Des États africains présentent leurs condoléances au gouvernement comorien pendant que le Maroc les présente au gouvernement français. Quelle lecture faites-vous sur le cas du roi Mohammed VI ?

Nous avons avec le Maroc une longue histoire, qui date de l’exil forcé de Mohamed V à Madagascar. Cette relation a été renforcée par le président Ahmed Abdallah Abdéremane et le roi Hassan II du Maroc. Ahmed Abdallah Abdéremane défendait le retour de Mayotte dans son giron national et le roi du Maroc, la reconnaissance du Sahara occidental comme sien. C’était une relation gagnant-gagnant, et, Ahmed Abdallah Abdéremane se considérant comme un descendant du roi Abdallah 1er, c’était une relation égalitaire entre rois. Mais le 12 novembre 1984 à Addis- Abeba l’organisation de l’unité africaine (OUA) prend une résolution intégrant la République du Sahara comme entité à part entière.

Le roi Hassan II quitte la salle, suivi par Ahmed Abdallah Abdéremane qui marque ainsi son soutien à la cause marocaine. Ce geste du président Ahmed Abdallah Abdéremane a renforcé nos relations de coopération avec le Maroc. Cette relation a été dénaturée par le régime d’Azali Assoumani qui l’a transformée en une relation de servitude et de mendicité. Le Maroc est l’un des pays puissants d’Afrique francophone, tant au niveau économique que diplomatique, et il a vu comment Azali Assoumani se comportait pendant sa présidence de l’Union africaine : un valet servile de la France.
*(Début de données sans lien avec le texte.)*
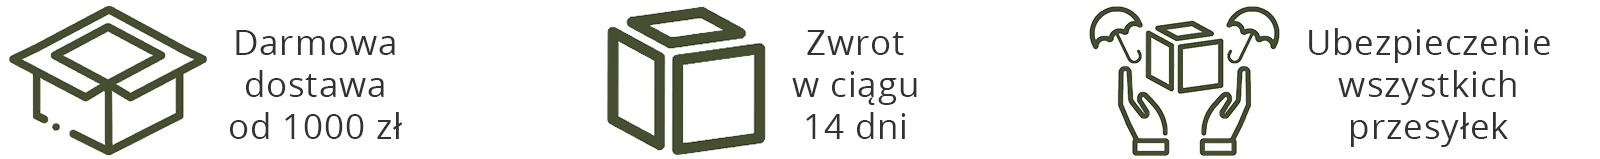 info-wysylki-2.jpg
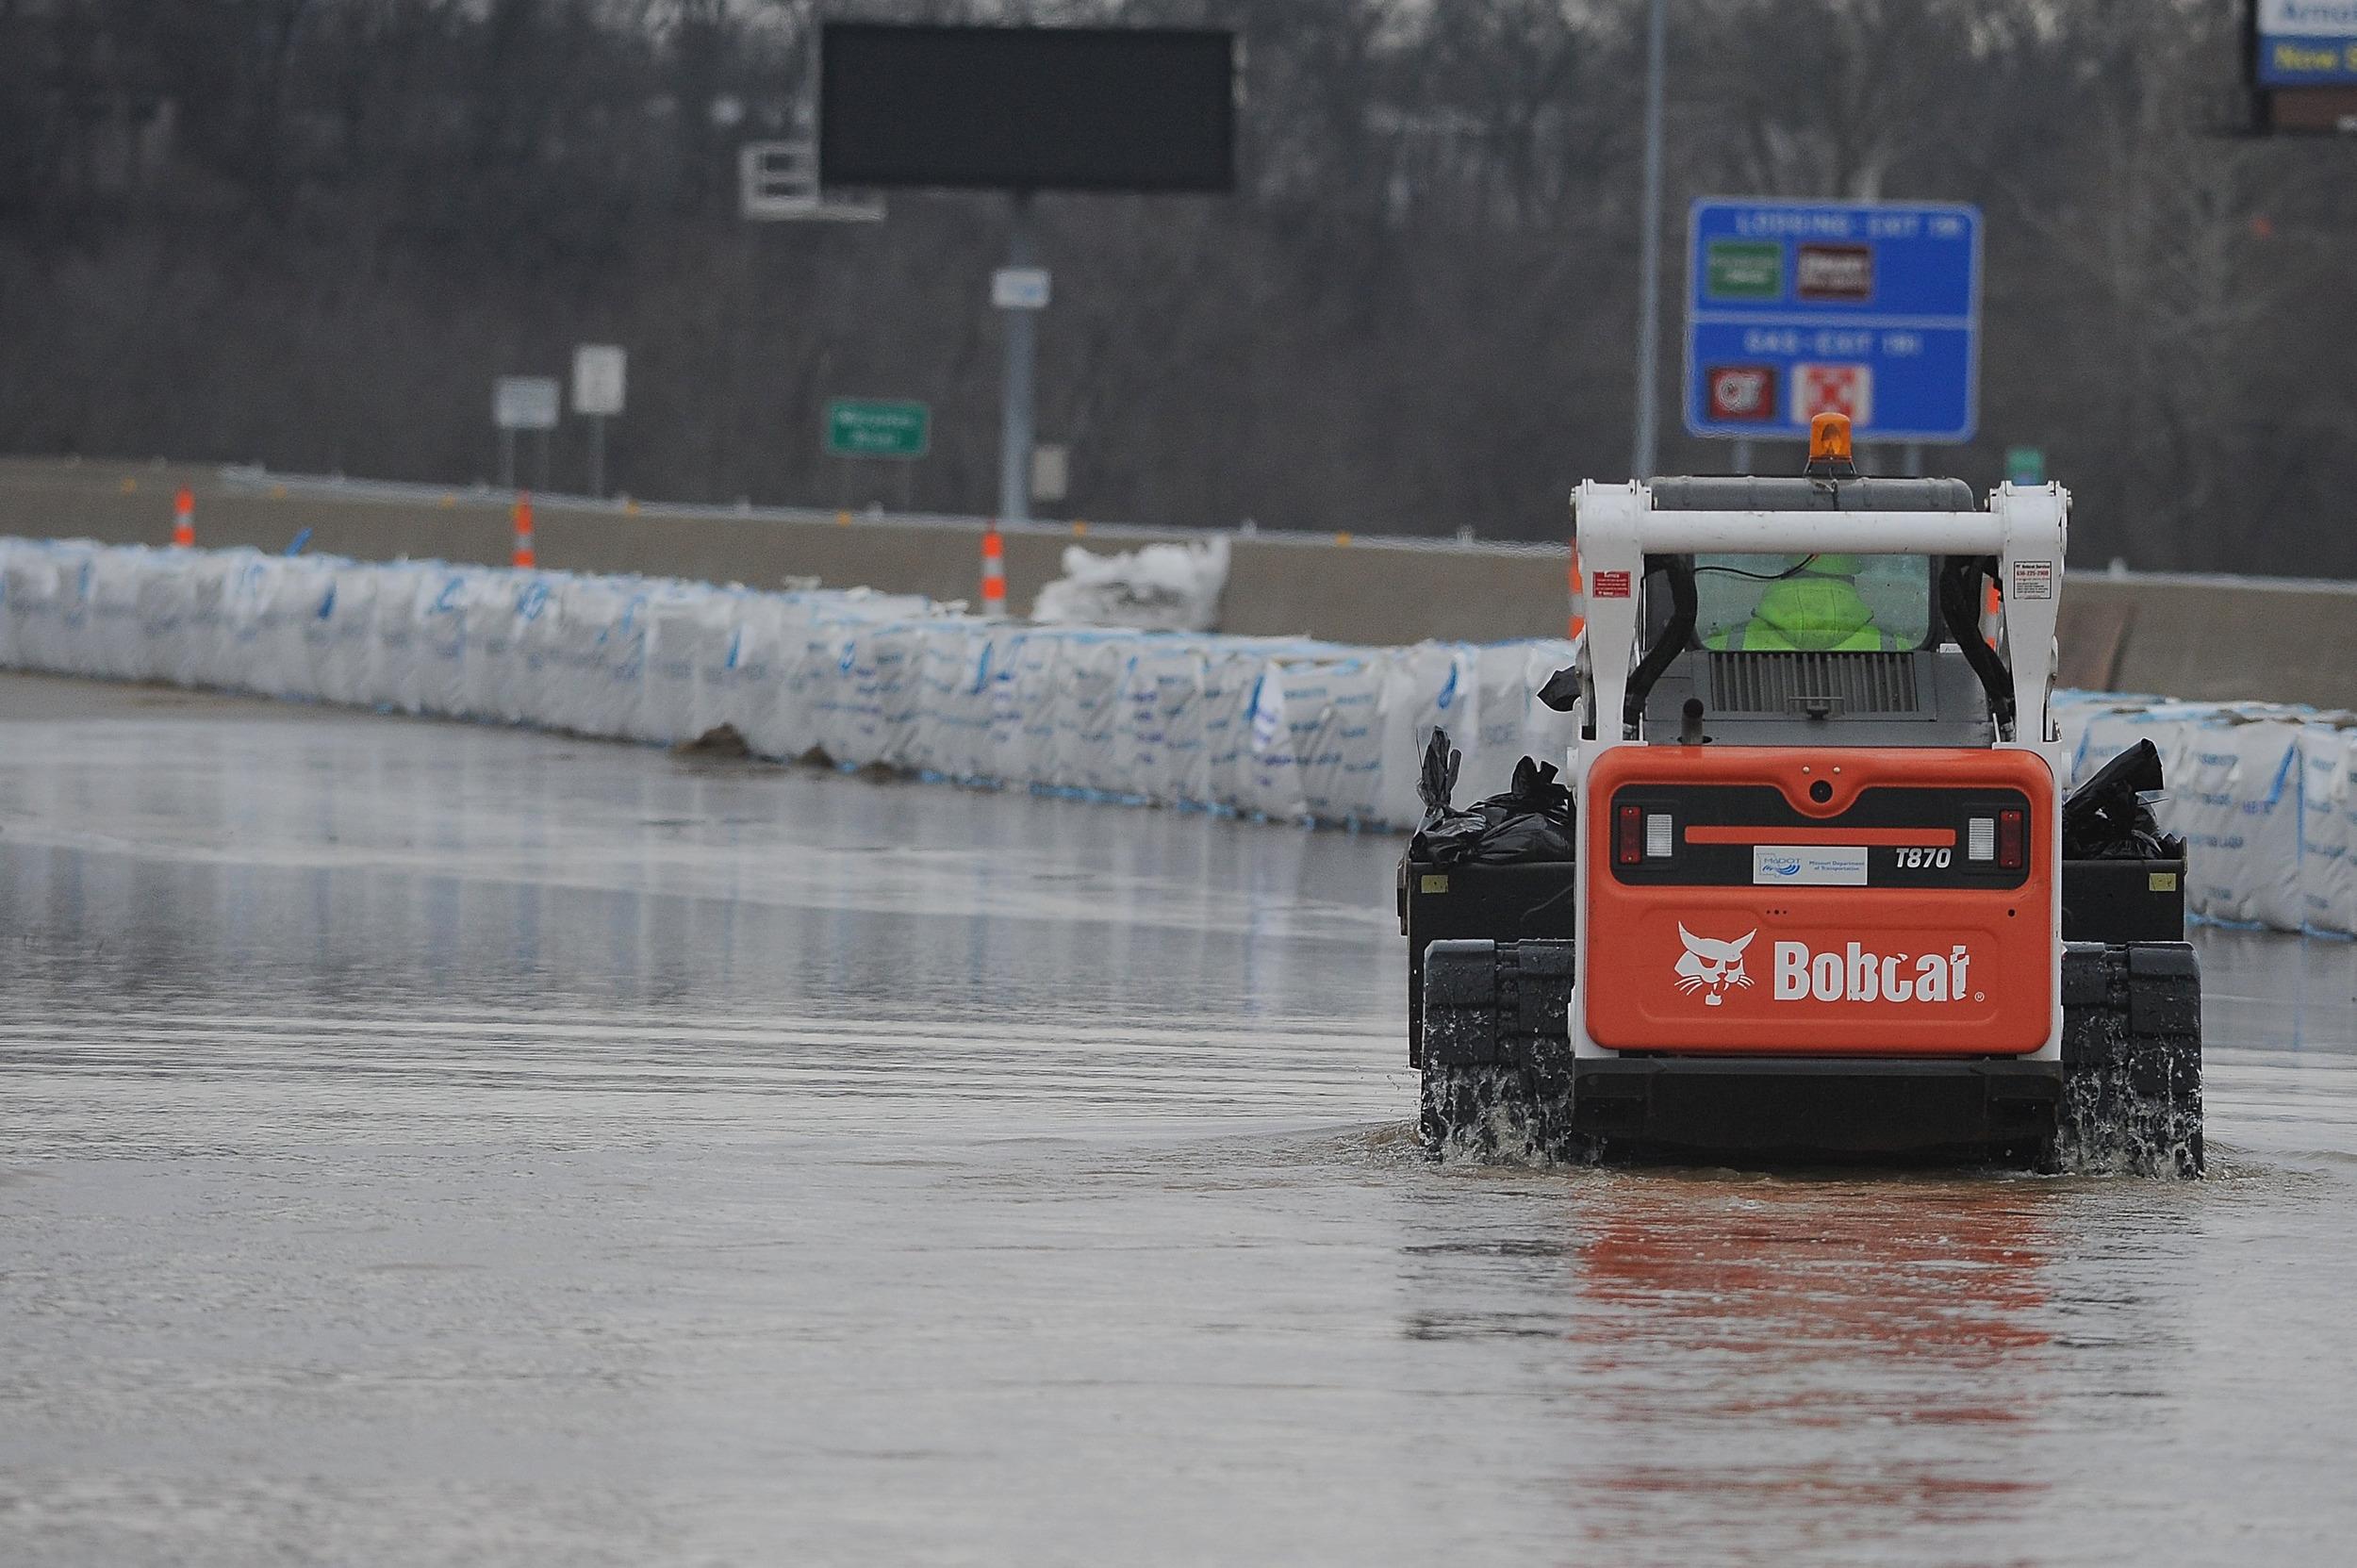 Flood Surge Moves 10 Times Faster Than Niagara Falls

Or la France vient de s’aligner sur la voie du Maroc – contre l’Algérie – en ce qui concerne la question du Sahara occidental. Il est donc compréhensible que le Maroc n’aille pas frustrer la France pour son occupation d’une partie de notre territoire national. Il ne faut pas rêver ni être naïf : les États n’ont ni amis ni alliances éternelles. Tout est une question d’intérêt et rien d’autre.

Votre dernier mot.

Le peuple comorien est durement frappé ces dernières années. Il meurt en mer en voulant fuir le pouvoir d’Azali Assoumani, et on laisse mourir comme des brebis ceux qui se sentaient protéger au sein d’un pouvoir d’occupation. Le peuple comorien est unique, comme l’a bien souligné sur une chaîne de radio-télévision française le secrétaire général du Parti communiste français, Fabien Roussel. Nous devons – nous les politiques – trouver un moyen pacifique de recouvrir notre souveraineté nationale. Le peuple comorien de Mayotte a compris le message du président français et le désintérêt du nouveau Premier ministre François Bayrou. Le temps des mots va plus vite que celui des actes, et le peuple comorien de Mayotte l’a compris peut-être à contrecœur. Le salut est à celui qui suit la bonne voie.